#OTD 18 July – oy vey

When things happen, we like to think they have never happened before. The business of history is to suggest otherwise.

With the Norman invasion in 1066 came William’s feudal system. The king ruled the lords, the lords ruled the rest, and the church ruled anyway. Jews were an exception. They were the king’s direct subjects.

This peculiar status makes for peculiar history. The 1215 Magna Carta, the treaty between King John, King John’s lords, and Archbishop Langton’s church which many of us wrongly recall as a charter of freedom, makes clear in clauses 10 and 11 that some creditors are freer than others, if they are not Jews.

In 1218, King John’s successor decreed that Jews wear badges. In 1253, article 9 of the Statute of Jewry confirmed that “every Jew wear his badge conspicuously on his breast”.

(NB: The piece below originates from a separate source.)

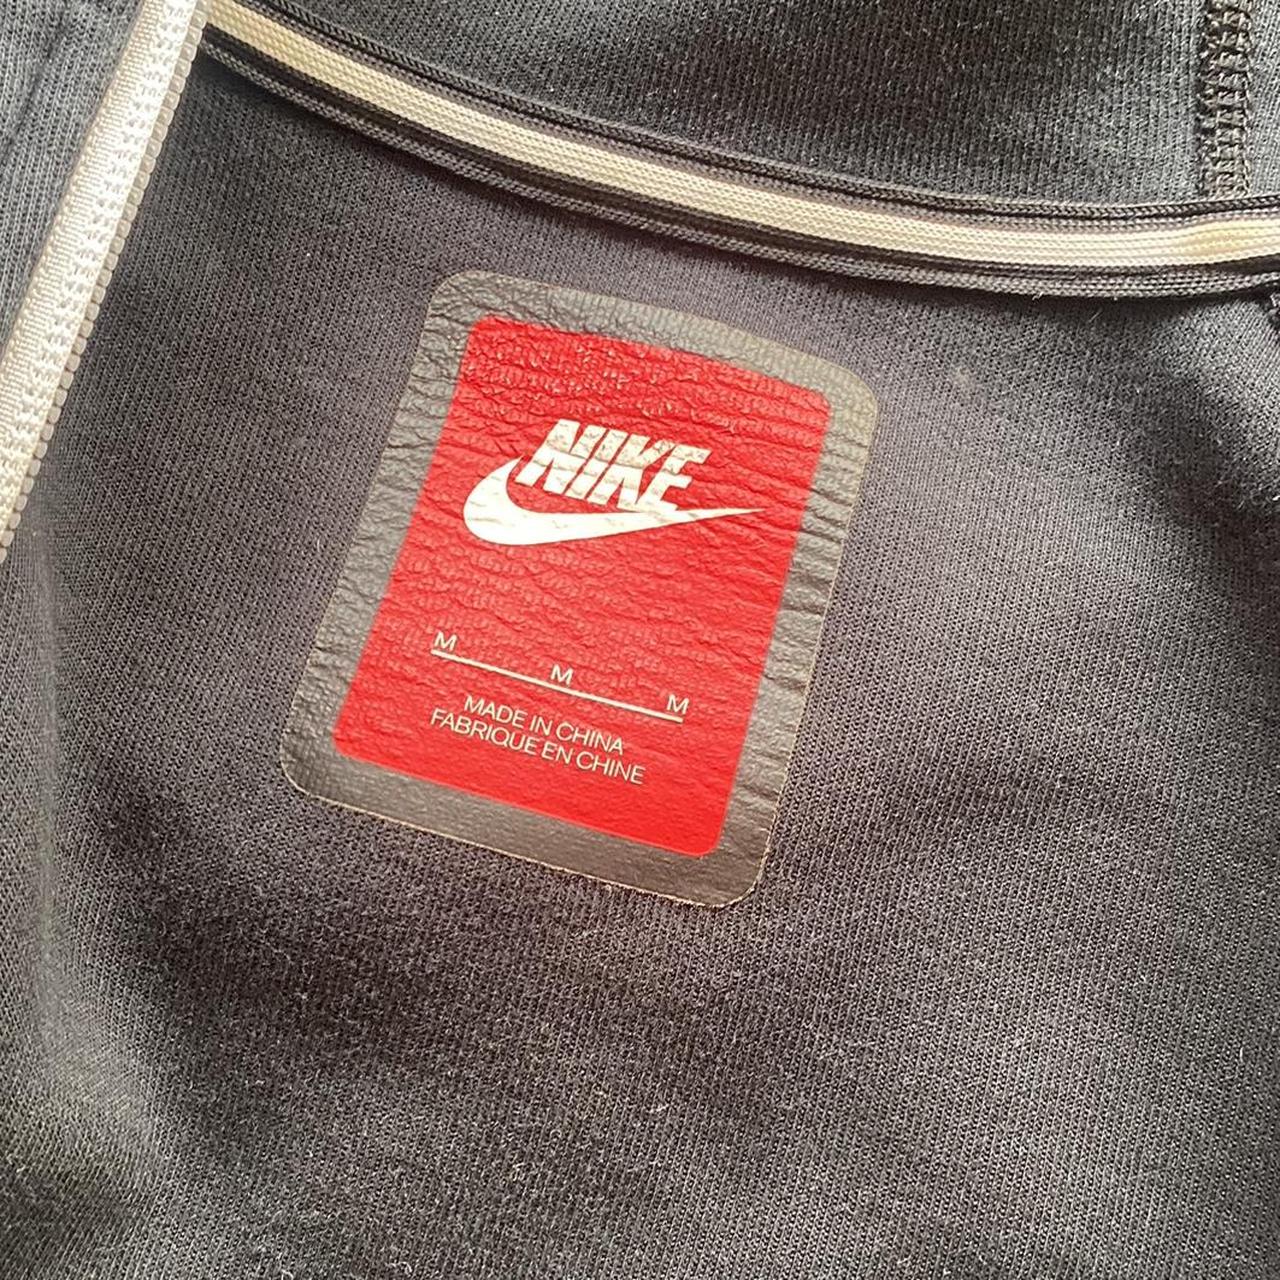 Nike tech fleece jacket Size M Super cute I just... - Depop

The personal relationship between the king and the Jews, and the distinct right of the king to act by whim, is well exampled in the opening words of King Edward I’s 1275 Statute of the Jewry:

Forasmuch as the King hath seen that divers Evils, and the disheriting of the good Men of his Land have happened by the Usuries which the Jews have made in Time past, and that divers Sins have followed thereupon; albeit he and his Ancestors have received much benefit from the Jewish People in all Time past; nevertheless for the Honour of God and the common benefit of the People, the King hath ordained and established, That from henceforth no Jew shall lend any Thing at Usury…

On 18 July 1290, a heavily indebted King Edward issued his Edict of Expulsion, expelling all Jews from England. This state of affairs continued until the 1650s under Oliver Cromwell.

In the Jewish calendar, 18 July 1290 was the ninth day of Av, 5050 years after creation. The ninth or Tisha B’Av has been a day of mourning from ancient times. It marks a number of trials, including the destruction of the first temple by King Nebuchadnezzar II and the destruction of the second temple by the Romans. Unsurprisingly, the day has come to embrace memory of later trials falling on or near the day, such as the Edict.

A 13th century beating. Note the prescribed badges on the two victims in the middle.